Ergebnisse auf Flipchart: Standard für die Medienarbeit mit jungen GeflüchtetenJulia Behr: „Wir wollten Ihnen die Möglichkeit geben, sich bei uns zu entspannen. Natürlich kam es vor, dass sie von selbst begannen, von ihrer Vergangenheit oder Heimat zu erzählen. Dann haben wir zugehört und ihnen auch diesen Raum gegeben. Nach einiger Zeit merkten wir, dass sie sich immer mehr öffneten und sich vor allem trauten, ihre Meinung zu sagen, ohne Angst haben zu müssen, dass dies ihre Asylgesuche beeinflussen würde. Man merkte, wie sie nach und nach zeigten, welche Themen sie auch medial bearbeiten und veröffentlichen wollen.“ Zusammenfassend rät Julia dazu, sich zwar natürlich im Vorfeld Gedanken über die besondere Zielgruppe zu machen und ggf. bei Betreuern Informationen einzuholen, aber nicht ins Grübeln oder Problematisieren zu verfallen. Pädagoginnen und Pädagogen sollten sich auf ein buntes Medienprojekt freuen und können sicher auf das Ergebnis gespannt sein.

Fakten und Ergebnisse des Fortbildungstags

Wer ist die Zielgruppe/ Wer sind junge Geflüchtete?

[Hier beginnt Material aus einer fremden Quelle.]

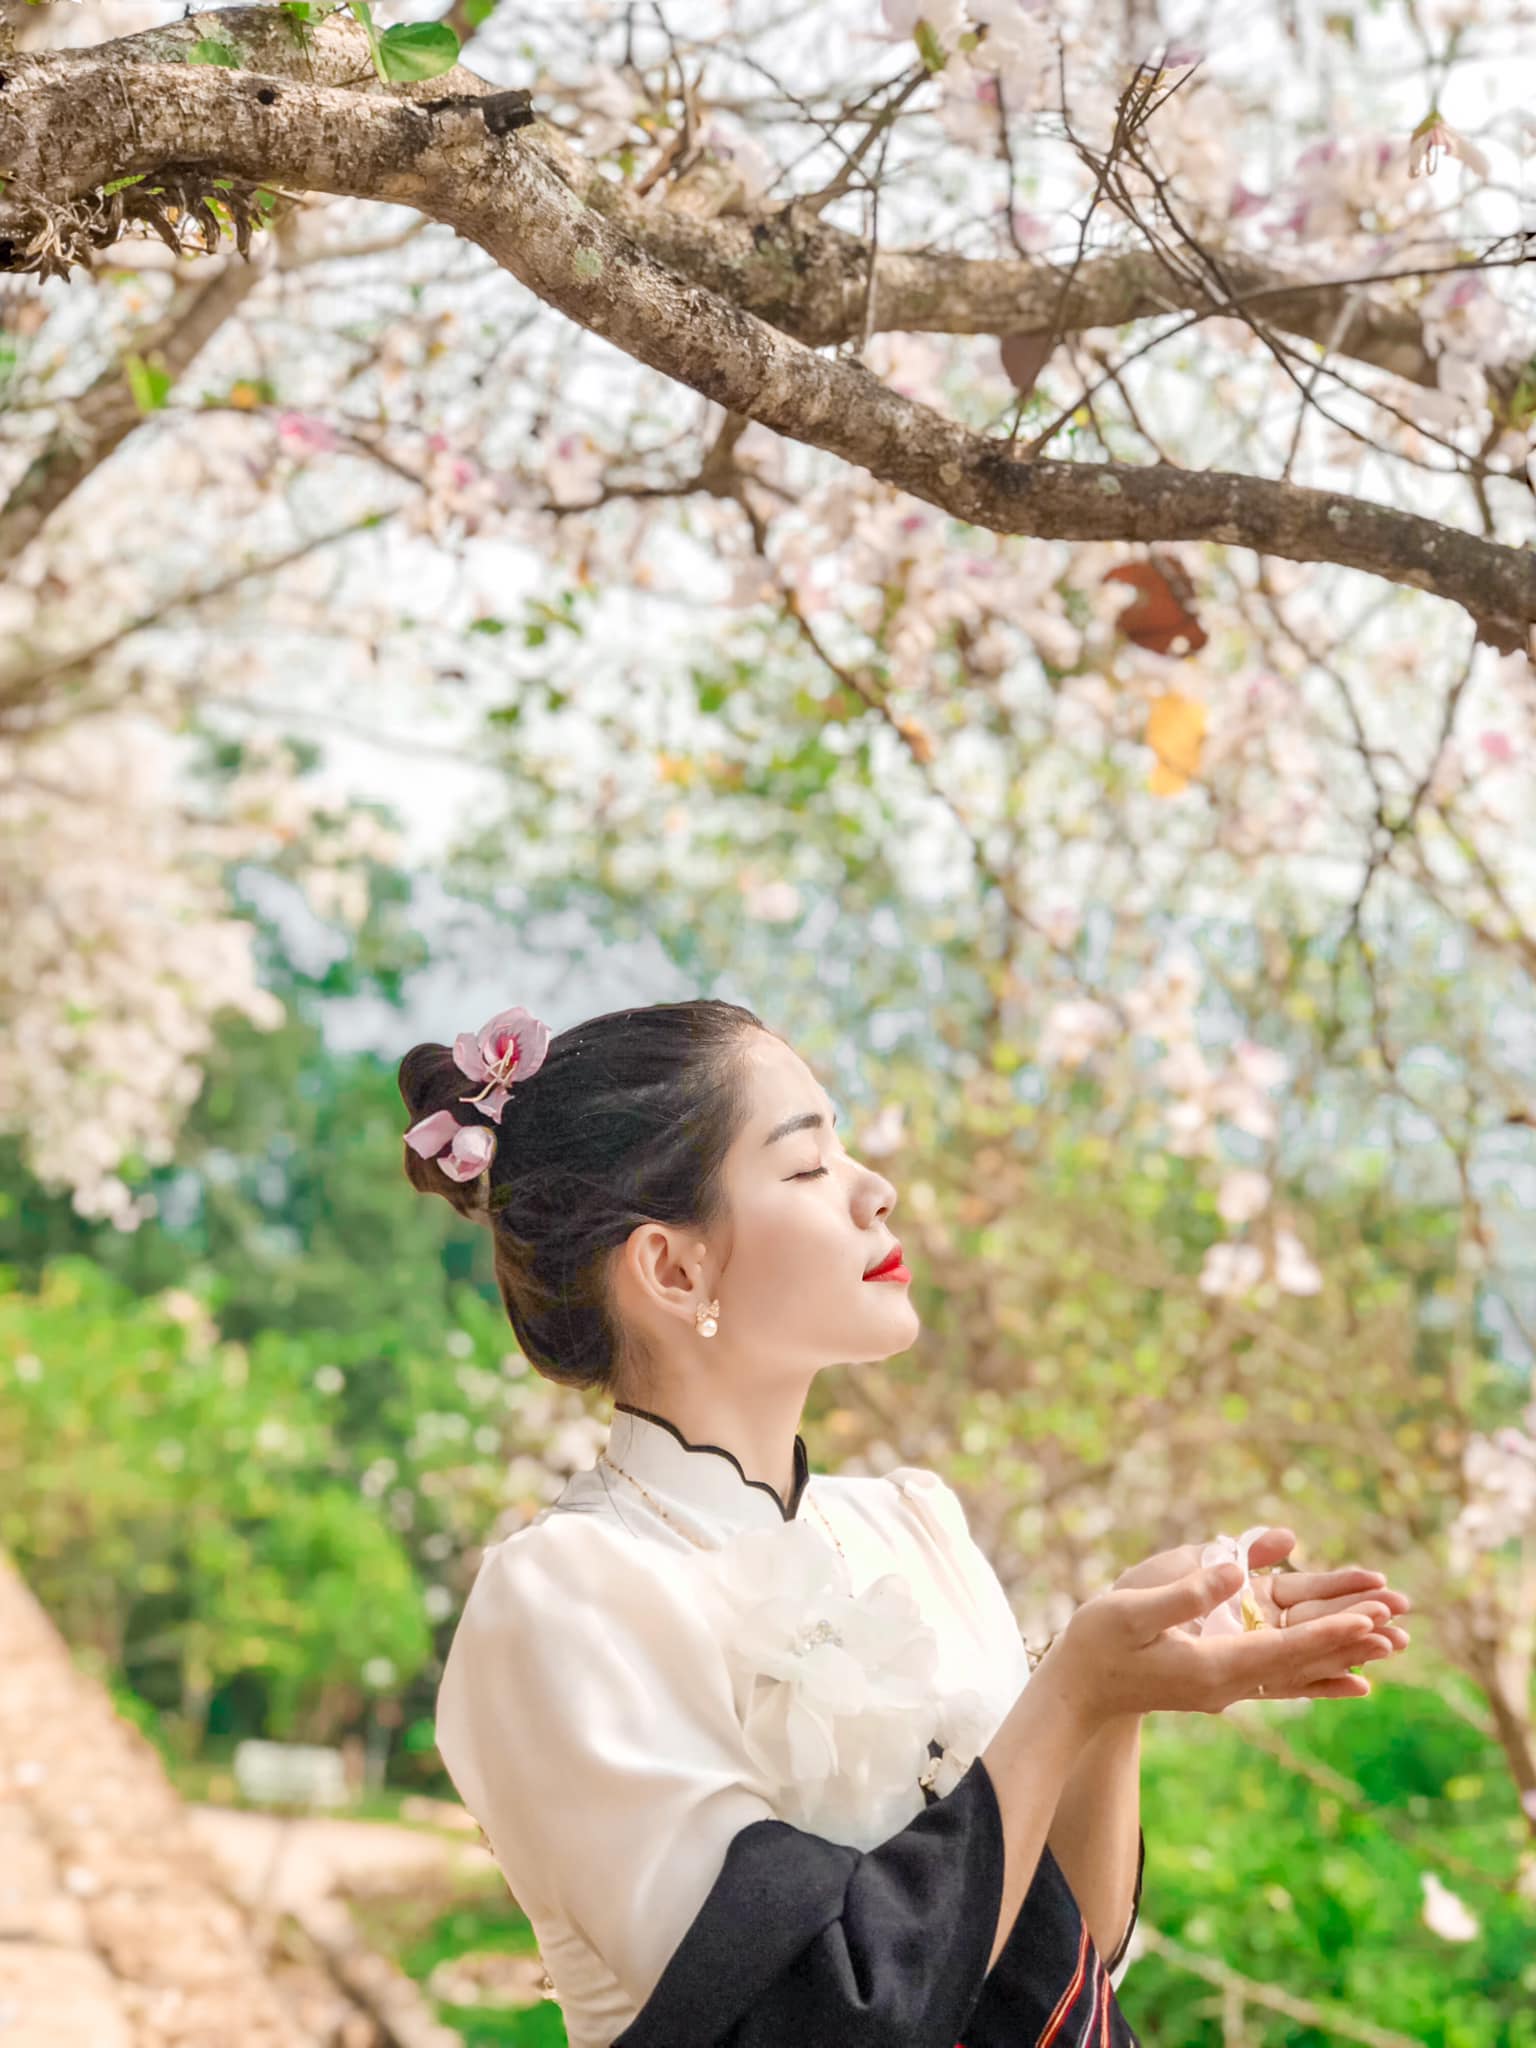 Ngất ngây trước vẻ đẹp Điện Biên mùa hoa ban nở lung linh nhất trong năm - ảnh 24
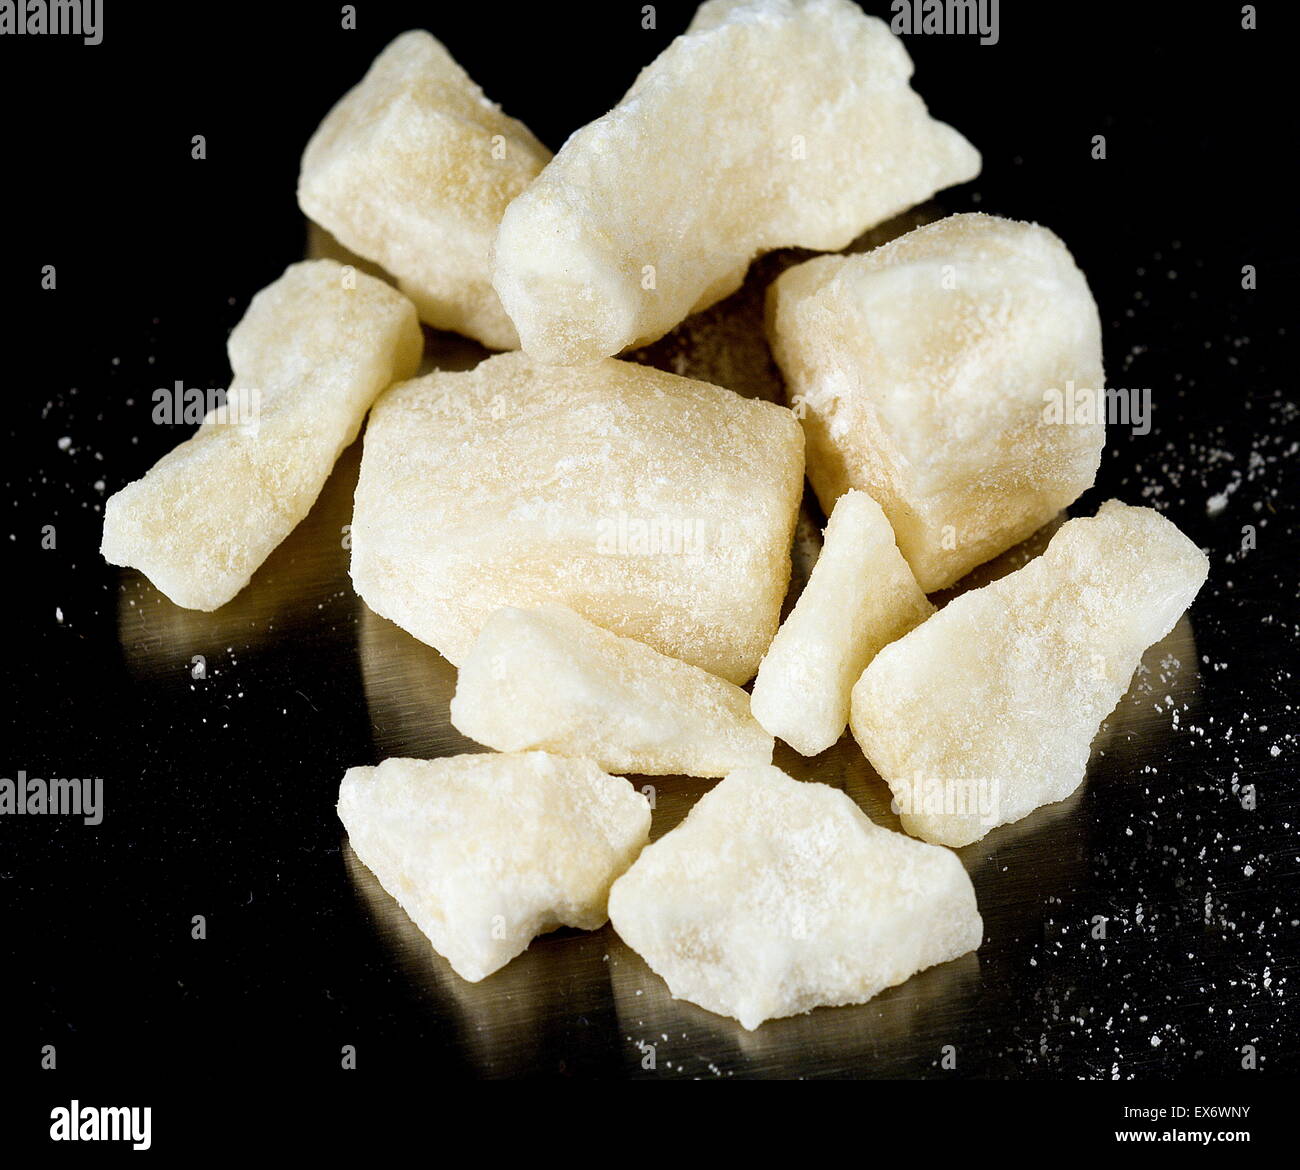 Crack-Kokain ist das Freebase Kokain, die geraucht werden kann. Es kann auch Rock, Arbeit, harte, Eisen, Cavvy, Basis, oder nur Crack bezeichnet werden; Es wird gesagt, die meisten süchtig Form von Kokain sein. Riss-Felsen bieten einen kurzen, aber intensiven hohen für Raucher. Stockfoto

  • Flüchtling wird eher nicht mehr gesagt (Problem: Gender, Verniedlichung)
  • Unterschied zwischen unbegleiteten minderjährigen Flüchtlingen (umF) und Jugendlichen aus Familien
  • In Deutschland sprechen wir erst von Flüchtlingen, wenn das Asylverfahren abgeschlossen ist (sonst: asylsuchend, Asylbewerber)
  • 60 Millionen sind weltweit auf der Flucht, davon über 50% minderjährig, Nr. 1 Aufnahmeland ist die Türkei
  • 1 Million Registrierungen, 470 000 Asylanträge im Jahr 2015, seit März 2016 16 000 Neuregistrierungen
  •  Ein Viertel der Flüchtlinge kommen nach NRW
  • Syrien, Afghanistan, Irak sind die Hauptherkunftsländer
  • 42 000 umFs 2015 (91% männlich)

Junge Geflüchtete und Medien

  • Nutzung des Smartphones während der Flucht (Orientierung, Kontakt zu Familie, Schleusern, Dokumentation der Flucht)
  • Selbstdarstellung via soziale Medien ist auch für diese Jugendliche wichtig und relevant
  • Datenschutzaspekte sind kaum bekannt
  • Nicht alle Jugendliche hatten Kontakt zu Medien in ihrer Heimat

Wo erreichen wir sie?

  • Flüchtlingsunterkünfte, Schulen, Freizeiteinrichtungen, Wohnheime, Sporteinrichtungen, Initiativen

Was ist das Ziel von Medienarbeit mit jungen Geflüchteten?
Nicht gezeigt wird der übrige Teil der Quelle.